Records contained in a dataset
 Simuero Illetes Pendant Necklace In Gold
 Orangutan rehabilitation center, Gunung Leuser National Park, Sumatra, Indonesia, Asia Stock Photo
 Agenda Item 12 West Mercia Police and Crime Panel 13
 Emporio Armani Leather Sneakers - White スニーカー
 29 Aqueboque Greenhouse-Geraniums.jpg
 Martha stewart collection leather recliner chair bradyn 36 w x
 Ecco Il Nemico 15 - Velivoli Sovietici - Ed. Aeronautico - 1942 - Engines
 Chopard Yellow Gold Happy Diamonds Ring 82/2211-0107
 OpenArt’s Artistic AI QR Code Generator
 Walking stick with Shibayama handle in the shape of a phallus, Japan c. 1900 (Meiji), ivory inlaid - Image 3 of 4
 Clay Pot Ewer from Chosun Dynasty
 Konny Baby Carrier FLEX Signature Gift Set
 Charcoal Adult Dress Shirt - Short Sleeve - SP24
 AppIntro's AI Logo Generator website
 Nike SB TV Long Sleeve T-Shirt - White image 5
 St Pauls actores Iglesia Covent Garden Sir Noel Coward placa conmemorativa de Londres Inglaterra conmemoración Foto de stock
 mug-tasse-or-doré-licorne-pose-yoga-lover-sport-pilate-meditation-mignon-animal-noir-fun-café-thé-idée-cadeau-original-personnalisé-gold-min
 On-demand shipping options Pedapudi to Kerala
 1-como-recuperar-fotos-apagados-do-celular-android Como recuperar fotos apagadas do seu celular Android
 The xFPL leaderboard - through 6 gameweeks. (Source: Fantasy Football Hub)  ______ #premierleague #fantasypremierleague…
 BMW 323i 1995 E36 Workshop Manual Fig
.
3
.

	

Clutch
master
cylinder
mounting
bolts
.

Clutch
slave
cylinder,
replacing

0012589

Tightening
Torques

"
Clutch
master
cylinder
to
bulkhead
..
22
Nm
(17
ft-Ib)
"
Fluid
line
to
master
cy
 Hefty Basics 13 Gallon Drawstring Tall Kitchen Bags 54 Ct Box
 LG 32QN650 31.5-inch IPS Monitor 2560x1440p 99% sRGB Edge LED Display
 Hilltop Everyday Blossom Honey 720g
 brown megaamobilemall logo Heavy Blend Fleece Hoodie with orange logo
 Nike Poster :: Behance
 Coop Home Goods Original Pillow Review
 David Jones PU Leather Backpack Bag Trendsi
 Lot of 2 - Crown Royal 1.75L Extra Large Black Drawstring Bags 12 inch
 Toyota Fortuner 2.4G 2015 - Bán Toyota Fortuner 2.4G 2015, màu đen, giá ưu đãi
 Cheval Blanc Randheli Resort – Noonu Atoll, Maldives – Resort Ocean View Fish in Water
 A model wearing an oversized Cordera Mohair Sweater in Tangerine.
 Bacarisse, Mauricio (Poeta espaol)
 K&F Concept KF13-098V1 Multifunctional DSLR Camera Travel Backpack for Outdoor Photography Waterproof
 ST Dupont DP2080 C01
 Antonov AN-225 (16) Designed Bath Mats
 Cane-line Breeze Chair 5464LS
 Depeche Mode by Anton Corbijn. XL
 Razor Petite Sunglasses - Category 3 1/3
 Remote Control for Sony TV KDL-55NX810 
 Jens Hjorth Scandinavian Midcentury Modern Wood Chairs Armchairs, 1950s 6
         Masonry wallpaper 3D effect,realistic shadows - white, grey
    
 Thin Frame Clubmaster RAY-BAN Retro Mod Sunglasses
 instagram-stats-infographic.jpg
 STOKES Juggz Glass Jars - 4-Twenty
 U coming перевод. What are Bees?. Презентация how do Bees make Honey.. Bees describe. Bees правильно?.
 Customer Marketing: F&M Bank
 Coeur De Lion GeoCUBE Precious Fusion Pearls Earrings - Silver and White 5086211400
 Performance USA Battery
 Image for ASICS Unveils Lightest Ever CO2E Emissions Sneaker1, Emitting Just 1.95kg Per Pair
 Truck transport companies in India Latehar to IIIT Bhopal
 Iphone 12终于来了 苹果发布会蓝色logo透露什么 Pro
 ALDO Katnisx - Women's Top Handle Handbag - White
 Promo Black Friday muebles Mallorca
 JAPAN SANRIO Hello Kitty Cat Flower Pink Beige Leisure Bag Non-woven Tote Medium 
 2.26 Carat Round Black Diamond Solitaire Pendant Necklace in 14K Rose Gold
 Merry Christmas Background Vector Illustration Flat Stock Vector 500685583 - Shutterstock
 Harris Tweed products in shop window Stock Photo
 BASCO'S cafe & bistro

(Required action)
Will you return exactly the lines above from the one with "Martha stewart collection" down to the one with "OpenArt’s Artistic AI QR Code Generator", counting both as part of the range?

(Reply to the task)
 Martha stewart collection leather recliner chair bradyn 36 w x
 Ecco Il Nemico 15 - Velivoli Sovietici - Ed. Aeronautico - 1942 - Engines
 Chopard Yellow Gold Happy Diamonds Ring 82/2211-0107
 OpenArt’s Artistic AI QR Code Generator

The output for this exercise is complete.